» Brief:
In the entries that follow, the line with "ピアノ。アルペジオ、メロディック。の未再生の波形" opens the range and the line with "Teen Choice Awards" closes it; repeat that range exactly, both lines included.

Collected data:
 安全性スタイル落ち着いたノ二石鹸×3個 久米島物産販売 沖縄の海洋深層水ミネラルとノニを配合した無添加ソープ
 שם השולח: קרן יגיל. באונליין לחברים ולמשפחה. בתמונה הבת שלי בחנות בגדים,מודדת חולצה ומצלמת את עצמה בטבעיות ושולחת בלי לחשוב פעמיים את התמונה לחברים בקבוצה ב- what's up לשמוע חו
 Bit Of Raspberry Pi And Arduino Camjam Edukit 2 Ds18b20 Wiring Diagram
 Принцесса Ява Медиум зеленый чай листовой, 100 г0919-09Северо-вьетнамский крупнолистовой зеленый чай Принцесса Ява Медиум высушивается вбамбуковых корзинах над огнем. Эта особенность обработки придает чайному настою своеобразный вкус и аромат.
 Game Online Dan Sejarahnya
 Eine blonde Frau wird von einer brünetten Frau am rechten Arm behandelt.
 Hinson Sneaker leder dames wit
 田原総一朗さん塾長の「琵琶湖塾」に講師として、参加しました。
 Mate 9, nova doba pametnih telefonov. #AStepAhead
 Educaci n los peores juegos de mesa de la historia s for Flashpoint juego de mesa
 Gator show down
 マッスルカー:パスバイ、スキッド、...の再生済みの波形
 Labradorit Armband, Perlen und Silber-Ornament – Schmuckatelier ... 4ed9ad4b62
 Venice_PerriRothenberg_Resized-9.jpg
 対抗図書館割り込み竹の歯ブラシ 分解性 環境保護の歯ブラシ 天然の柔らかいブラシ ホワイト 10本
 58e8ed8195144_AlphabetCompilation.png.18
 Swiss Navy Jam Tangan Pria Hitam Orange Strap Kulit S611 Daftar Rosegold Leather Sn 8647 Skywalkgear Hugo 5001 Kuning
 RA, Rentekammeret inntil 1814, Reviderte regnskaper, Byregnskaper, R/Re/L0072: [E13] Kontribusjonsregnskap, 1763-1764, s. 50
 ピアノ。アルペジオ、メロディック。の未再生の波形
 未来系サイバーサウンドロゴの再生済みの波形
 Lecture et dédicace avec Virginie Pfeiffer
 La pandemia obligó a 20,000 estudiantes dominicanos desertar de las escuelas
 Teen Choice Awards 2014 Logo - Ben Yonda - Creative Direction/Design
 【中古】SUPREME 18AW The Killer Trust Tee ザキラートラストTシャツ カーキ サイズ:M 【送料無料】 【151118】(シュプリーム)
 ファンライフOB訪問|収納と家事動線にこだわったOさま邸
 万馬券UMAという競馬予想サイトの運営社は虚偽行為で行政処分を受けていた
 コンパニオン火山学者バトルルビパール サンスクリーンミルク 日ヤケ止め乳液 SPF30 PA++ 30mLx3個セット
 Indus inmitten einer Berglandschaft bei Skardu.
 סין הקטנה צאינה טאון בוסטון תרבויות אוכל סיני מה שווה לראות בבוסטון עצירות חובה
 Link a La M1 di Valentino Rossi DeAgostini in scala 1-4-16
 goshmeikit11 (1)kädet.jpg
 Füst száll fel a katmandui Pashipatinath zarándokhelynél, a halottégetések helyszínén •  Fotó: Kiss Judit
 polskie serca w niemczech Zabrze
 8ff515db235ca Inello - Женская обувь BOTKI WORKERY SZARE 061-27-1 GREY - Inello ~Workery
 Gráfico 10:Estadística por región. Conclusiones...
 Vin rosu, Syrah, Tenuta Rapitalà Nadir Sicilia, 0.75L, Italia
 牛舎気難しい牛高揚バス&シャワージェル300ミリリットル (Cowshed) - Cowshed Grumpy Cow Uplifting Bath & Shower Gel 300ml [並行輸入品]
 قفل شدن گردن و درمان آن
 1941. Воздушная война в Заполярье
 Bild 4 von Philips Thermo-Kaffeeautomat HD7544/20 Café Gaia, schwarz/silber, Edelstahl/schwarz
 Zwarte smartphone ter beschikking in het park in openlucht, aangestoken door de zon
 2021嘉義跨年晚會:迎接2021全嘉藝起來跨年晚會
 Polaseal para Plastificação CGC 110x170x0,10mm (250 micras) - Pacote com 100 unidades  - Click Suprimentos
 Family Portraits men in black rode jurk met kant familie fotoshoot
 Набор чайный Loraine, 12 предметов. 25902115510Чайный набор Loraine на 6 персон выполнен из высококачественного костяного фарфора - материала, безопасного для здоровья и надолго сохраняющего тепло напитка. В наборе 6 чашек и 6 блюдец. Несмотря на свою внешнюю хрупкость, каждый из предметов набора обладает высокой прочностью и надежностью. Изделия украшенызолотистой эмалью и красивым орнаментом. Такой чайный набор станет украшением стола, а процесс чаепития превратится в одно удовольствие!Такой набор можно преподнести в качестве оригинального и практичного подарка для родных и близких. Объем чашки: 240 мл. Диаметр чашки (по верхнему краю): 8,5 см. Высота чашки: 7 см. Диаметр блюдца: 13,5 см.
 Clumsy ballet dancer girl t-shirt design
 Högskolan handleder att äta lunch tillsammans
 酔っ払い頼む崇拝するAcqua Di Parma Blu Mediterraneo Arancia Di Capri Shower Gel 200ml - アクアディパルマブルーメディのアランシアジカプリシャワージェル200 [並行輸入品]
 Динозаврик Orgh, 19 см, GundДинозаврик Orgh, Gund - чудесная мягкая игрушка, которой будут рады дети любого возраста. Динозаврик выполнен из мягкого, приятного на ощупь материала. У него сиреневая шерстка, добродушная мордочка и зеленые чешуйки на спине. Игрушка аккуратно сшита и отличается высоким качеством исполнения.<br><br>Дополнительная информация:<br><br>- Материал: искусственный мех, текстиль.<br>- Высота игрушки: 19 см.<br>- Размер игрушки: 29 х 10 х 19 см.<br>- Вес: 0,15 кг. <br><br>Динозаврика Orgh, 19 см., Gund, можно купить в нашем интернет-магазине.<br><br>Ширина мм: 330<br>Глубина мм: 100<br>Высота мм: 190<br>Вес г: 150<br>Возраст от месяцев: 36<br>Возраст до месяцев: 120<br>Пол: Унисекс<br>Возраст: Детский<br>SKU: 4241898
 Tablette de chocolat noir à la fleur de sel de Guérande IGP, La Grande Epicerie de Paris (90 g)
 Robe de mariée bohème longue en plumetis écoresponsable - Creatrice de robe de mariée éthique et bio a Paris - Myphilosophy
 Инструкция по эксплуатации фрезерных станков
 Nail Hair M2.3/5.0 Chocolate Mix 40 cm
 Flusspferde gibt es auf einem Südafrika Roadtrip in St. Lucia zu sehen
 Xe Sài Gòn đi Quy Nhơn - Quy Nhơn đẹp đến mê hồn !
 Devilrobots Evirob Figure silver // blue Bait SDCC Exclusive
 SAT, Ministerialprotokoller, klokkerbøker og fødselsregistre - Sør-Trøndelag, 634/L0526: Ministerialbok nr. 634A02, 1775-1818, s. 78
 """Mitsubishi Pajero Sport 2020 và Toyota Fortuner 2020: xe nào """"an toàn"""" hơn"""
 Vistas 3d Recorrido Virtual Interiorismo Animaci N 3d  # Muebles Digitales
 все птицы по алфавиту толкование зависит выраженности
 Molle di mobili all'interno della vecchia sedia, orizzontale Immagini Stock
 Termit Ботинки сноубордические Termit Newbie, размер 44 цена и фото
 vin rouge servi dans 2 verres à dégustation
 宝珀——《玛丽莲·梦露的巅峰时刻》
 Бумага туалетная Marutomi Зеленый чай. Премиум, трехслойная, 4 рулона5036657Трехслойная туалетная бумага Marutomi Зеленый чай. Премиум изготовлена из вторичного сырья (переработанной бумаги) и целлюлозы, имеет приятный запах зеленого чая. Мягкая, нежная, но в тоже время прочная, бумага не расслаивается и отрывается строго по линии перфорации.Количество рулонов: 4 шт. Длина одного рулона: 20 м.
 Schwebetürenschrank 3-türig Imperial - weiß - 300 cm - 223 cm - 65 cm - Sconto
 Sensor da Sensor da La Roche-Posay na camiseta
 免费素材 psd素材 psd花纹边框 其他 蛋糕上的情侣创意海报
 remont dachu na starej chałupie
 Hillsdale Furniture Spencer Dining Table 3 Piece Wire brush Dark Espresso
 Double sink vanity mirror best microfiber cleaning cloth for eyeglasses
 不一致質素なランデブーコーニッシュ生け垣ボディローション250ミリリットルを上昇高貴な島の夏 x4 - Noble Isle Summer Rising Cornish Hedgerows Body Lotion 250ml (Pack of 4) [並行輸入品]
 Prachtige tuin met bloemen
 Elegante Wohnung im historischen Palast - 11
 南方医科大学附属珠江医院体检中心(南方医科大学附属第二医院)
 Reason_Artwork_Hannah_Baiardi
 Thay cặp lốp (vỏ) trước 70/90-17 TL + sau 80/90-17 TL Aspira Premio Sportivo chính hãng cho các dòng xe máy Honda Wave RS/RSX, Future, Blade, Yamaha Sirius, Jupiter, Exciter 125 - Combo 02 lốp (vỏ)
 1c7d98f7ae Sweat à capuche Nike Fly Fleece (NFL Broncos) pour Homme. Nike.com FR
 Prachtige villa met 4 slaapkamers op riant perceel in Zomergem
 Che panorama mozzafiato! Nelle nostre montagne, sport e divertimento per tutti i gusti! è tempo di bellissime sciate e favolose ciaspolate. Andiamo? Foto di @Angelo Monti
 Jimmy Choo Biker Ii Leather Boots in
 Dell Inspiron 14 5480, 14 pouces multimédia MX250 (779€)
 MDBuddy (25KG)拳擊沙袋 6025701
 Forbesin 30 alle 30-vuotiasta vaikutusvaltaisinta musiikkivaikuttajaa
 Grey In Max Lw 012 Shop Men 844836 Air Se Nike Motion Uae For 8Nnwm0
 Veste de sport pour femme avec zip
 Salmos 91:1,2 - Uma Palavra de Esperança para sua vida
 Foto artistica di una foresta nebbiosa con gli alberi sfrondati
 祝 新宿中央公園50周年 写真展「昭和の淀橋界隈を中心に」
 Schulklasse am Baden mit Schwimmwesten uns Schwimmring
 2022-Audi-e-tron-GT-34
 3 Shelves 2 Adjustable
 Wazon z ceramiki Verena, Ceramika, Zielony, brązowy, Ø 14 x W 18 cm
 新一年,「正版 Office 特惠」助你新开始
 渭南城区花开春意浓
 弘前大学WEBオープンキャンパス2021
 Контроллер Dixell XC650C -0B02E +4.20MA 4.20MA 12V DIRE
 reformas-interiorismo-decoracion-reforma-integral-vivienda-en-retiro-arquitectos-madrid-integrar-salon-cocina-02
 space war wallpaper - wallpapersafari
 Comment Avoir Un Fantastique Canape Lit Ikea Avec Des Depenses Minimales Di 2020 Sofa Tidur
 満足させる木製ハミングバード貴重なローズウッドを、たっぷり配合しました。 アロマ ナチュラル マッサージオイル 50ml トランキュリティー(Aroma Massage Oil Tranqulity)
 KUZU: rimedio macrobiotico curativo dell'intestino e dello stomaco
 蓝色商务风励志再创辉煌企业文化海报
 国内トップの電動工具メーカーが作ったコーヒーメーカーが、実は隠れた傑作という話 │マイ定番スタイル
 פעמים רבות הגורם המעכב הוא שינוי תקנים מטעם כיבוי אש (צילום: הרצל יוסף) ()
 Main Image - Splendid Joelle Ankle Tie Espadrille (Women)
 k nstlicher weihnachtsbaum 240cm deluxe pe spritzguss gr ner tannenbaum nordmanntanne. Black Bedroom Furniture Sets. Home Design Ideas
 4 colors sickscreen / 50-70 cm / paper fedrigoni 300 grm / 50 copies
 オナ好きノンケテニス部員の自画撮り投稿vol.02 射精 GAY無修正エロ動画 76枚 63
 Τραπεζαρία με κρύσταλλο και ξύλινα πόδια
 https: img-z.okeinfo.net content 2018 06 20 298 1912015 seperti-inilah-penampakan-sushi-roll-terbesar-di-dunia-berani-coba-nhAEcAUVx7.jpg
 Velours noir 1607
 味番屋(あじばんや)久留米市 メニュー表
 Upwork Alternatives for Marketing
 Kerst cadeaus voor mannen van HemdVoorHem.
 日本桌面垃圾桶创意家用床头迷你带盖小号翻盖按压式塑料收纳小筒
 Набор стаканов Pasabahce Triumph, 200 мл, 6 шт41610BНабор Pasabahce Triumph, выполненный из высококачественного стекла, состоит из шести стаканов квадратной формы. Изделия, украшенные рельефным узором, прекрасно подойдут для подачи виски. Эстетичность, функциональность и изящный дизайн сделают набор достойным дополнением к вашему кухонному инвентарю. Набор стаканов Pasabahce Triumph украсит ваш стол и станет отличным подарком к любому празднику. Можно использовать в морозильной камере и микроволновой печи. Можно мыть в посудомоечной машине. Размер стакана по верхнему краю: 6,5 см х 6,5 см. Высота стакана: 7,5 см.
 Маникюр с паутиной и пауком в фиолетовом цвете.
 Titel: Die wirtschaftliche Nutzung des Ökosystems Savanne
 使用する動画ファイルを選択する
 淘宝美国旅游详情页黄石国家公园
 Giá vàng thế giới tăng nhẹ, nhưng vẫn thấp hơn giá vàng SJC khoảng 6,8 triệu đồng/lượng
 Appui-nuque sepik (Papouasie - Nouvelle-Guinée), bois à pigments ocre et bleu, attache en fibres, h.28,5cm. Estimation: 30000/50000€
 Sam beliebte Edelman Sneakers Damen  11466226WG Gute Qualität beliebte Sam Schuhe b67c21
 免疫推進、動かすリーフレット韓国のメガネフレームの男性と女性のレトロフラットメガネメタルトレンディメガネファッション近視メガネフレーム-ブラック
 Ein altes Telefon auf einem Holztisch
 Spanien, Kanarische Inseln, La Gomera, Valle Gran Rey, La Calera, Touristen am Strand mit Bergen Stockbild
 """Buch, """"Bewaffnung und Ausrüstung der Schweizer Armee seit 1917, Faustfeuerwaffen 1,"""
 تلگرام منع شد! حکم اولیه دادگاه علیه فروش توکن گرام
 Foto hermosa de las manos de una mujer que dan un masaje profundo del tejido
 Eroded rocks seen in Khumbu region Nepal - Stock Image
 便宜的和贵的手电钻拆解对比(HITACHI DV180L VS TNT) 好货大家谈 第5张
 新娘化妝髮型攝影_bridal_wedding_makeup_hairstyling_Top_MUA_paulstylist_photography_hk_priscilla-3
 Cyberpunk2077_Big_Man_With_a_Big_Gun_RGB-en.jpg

» Exercise response:
 ピアノ。アルペジオ、メロディック。の未再生の波形
 未来系サイバーサウンドロゴの再生済みの波形
 Lecture et dédicace avec Virginie Pfeiffer
 La pandemia obligó a 20,000 estudiantes dominicanos desertar de las escuelas
 Teen Choice Awards 2014 Logo - Ben Yonda - Creative Direction/Design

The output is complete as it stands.